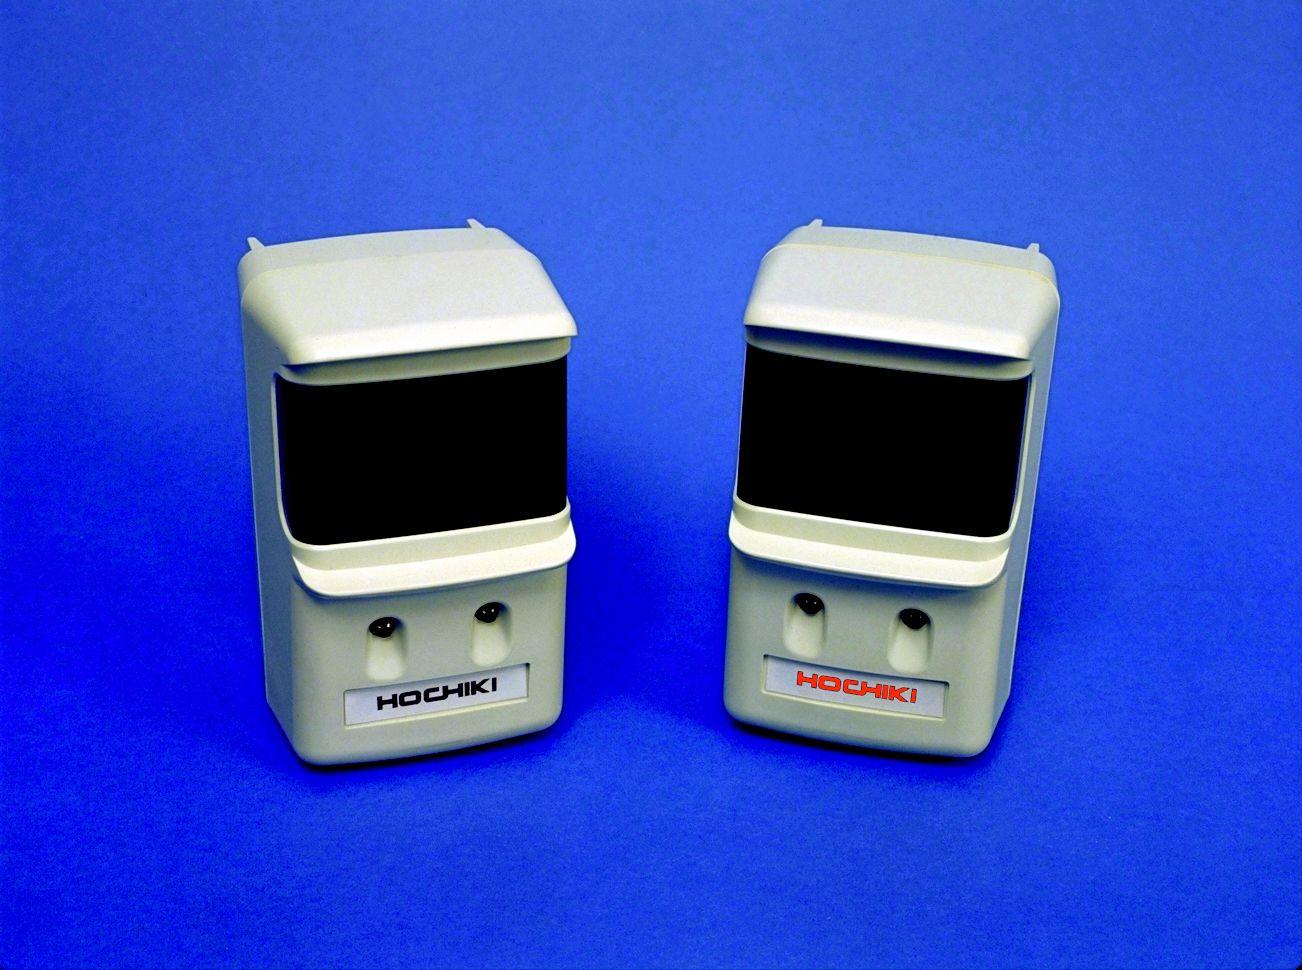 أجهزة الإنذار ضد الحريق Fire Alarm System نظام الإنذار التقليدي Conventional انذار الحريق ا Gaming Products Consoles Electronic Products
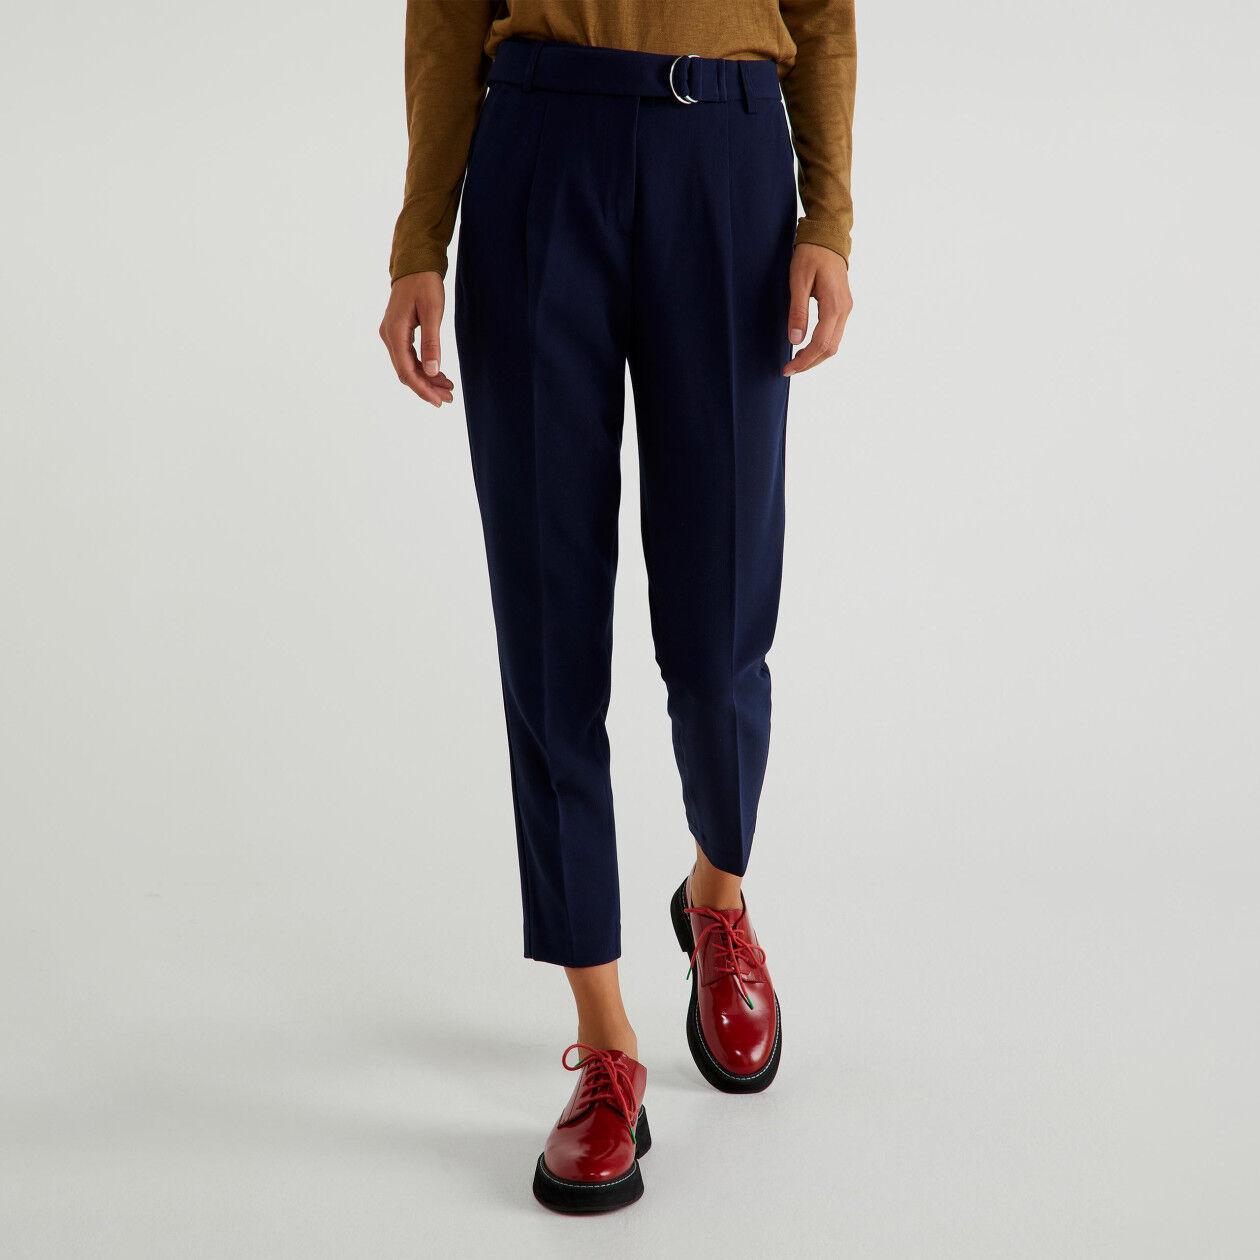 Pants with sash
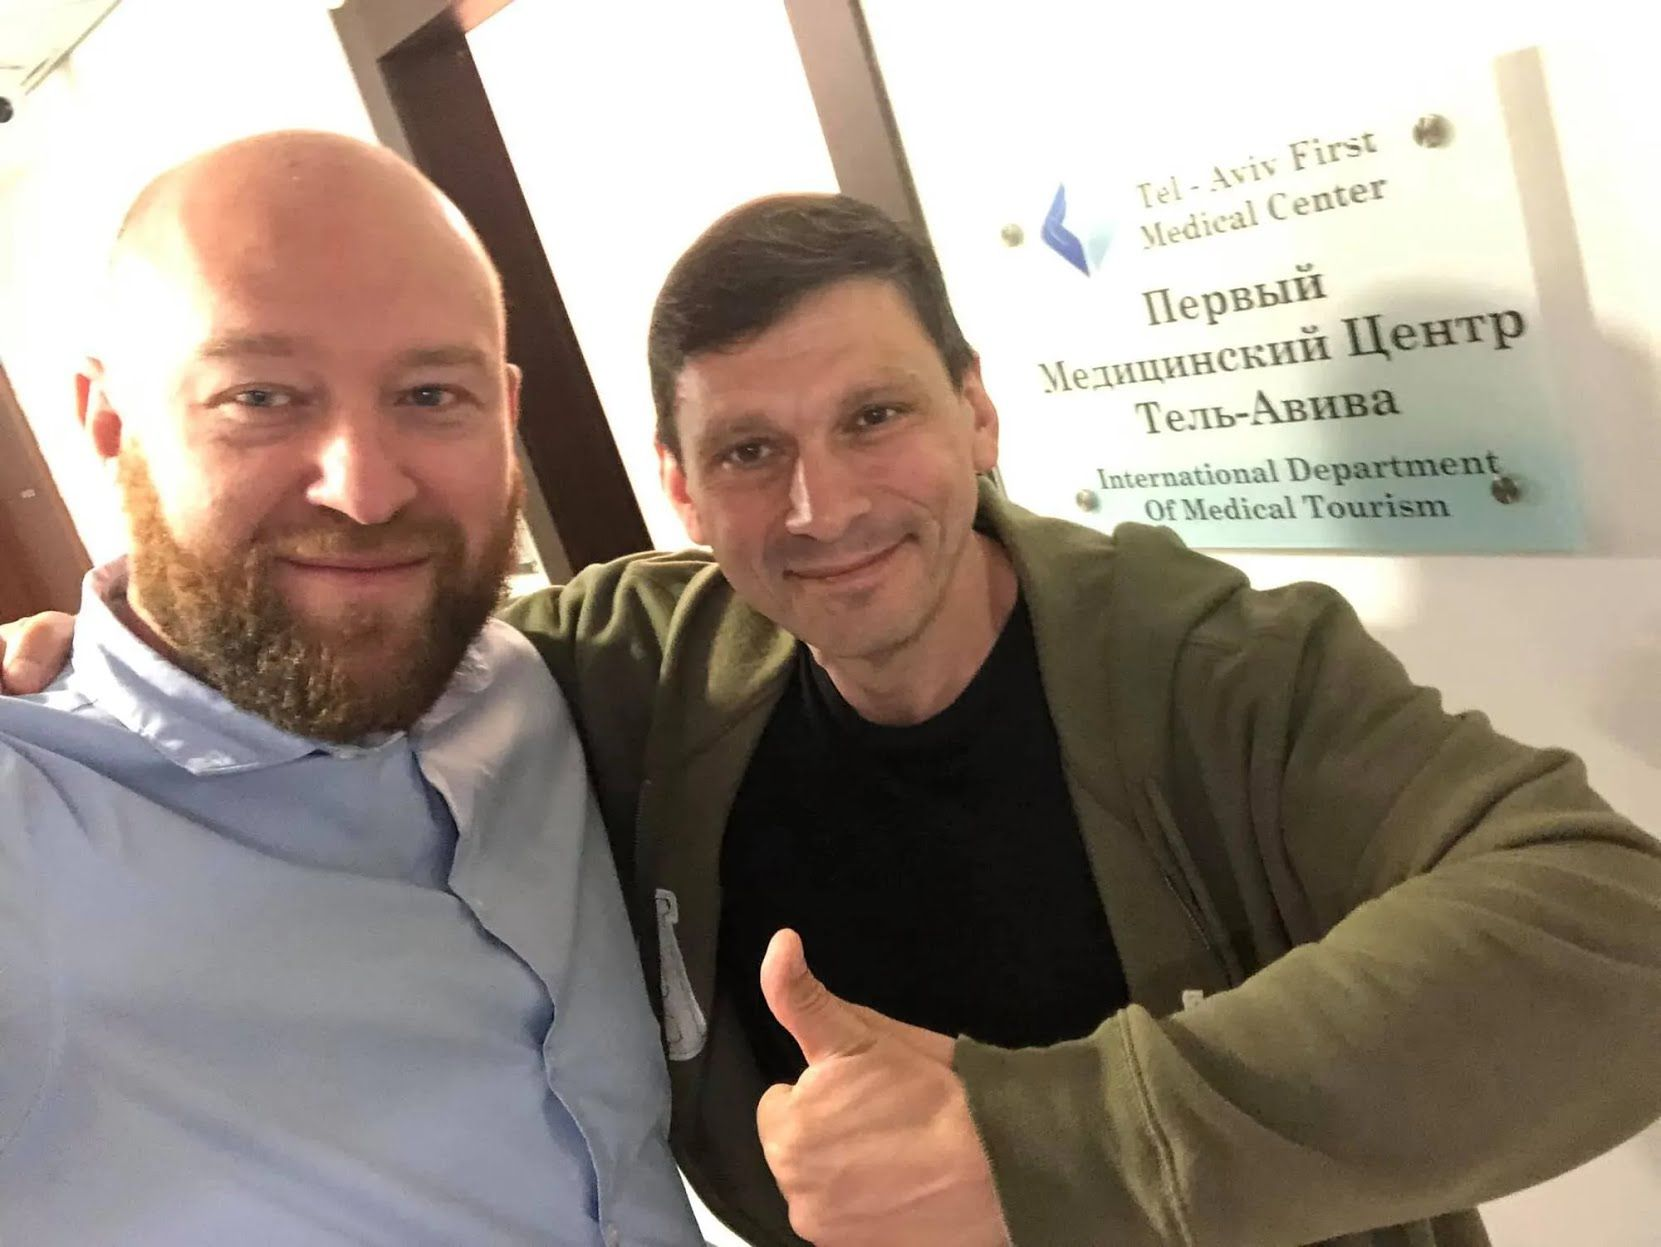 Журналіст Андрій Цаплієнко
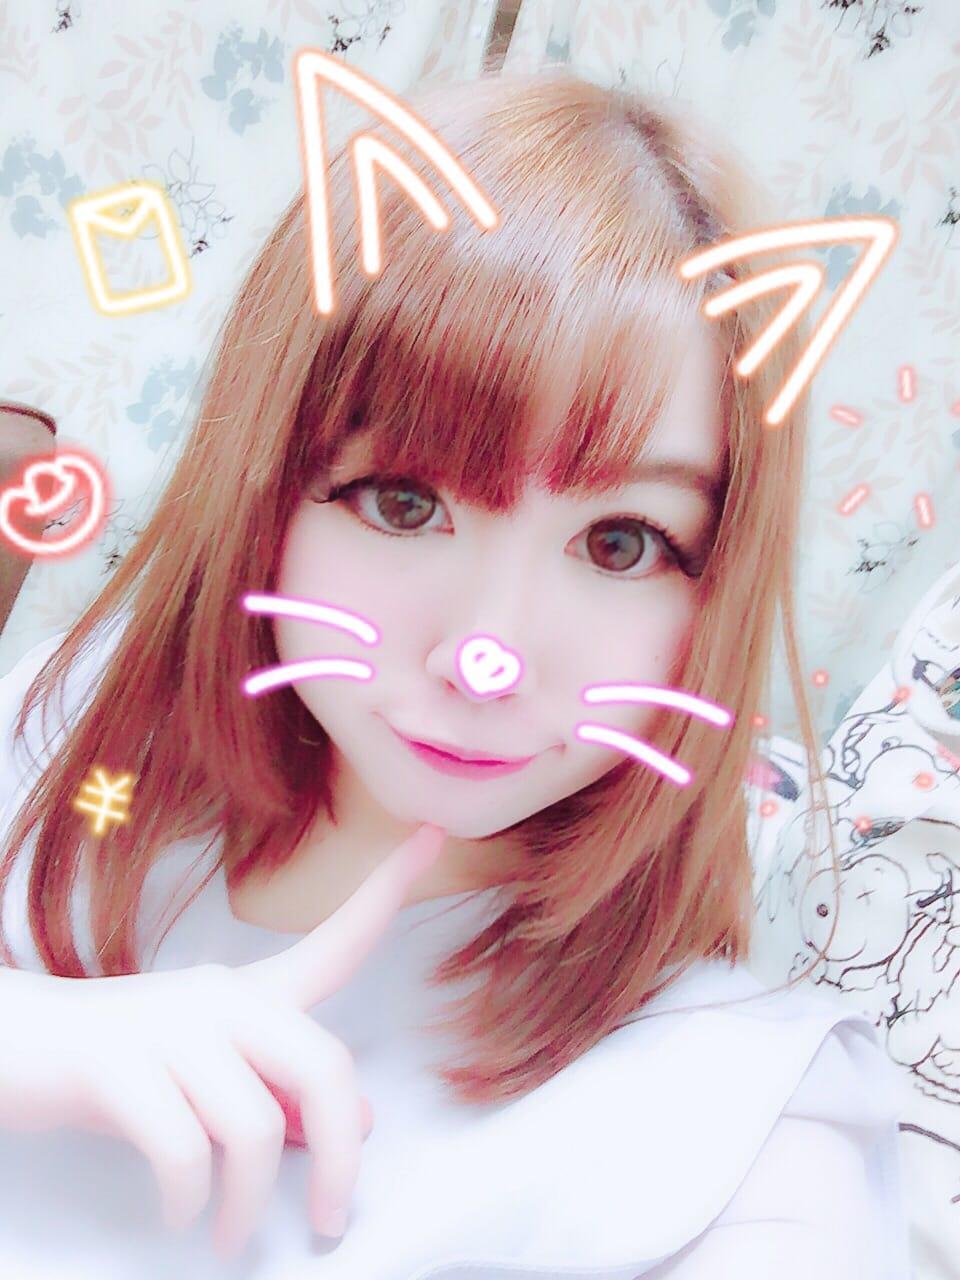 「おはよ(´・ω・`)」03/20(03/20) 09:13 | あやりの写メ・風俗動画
= = =
WHAT YOU NEED TO DO = The copy must match the listing above exactly, except that it holds no pictures.

TASK RESPONSE =
 أجهزة الإنذار ضد الحريق Fire Alarm System نظام الإنذار التقليدي Conventional انذار الحريق ا Gaming Products Consoles Electronic Products
 Pants with sash
 Журналіст Андрій Цаплієнко
 「おはよ(´・ω・`)」03/20(03/20) 09:13 | あやりの写メ・風俗動画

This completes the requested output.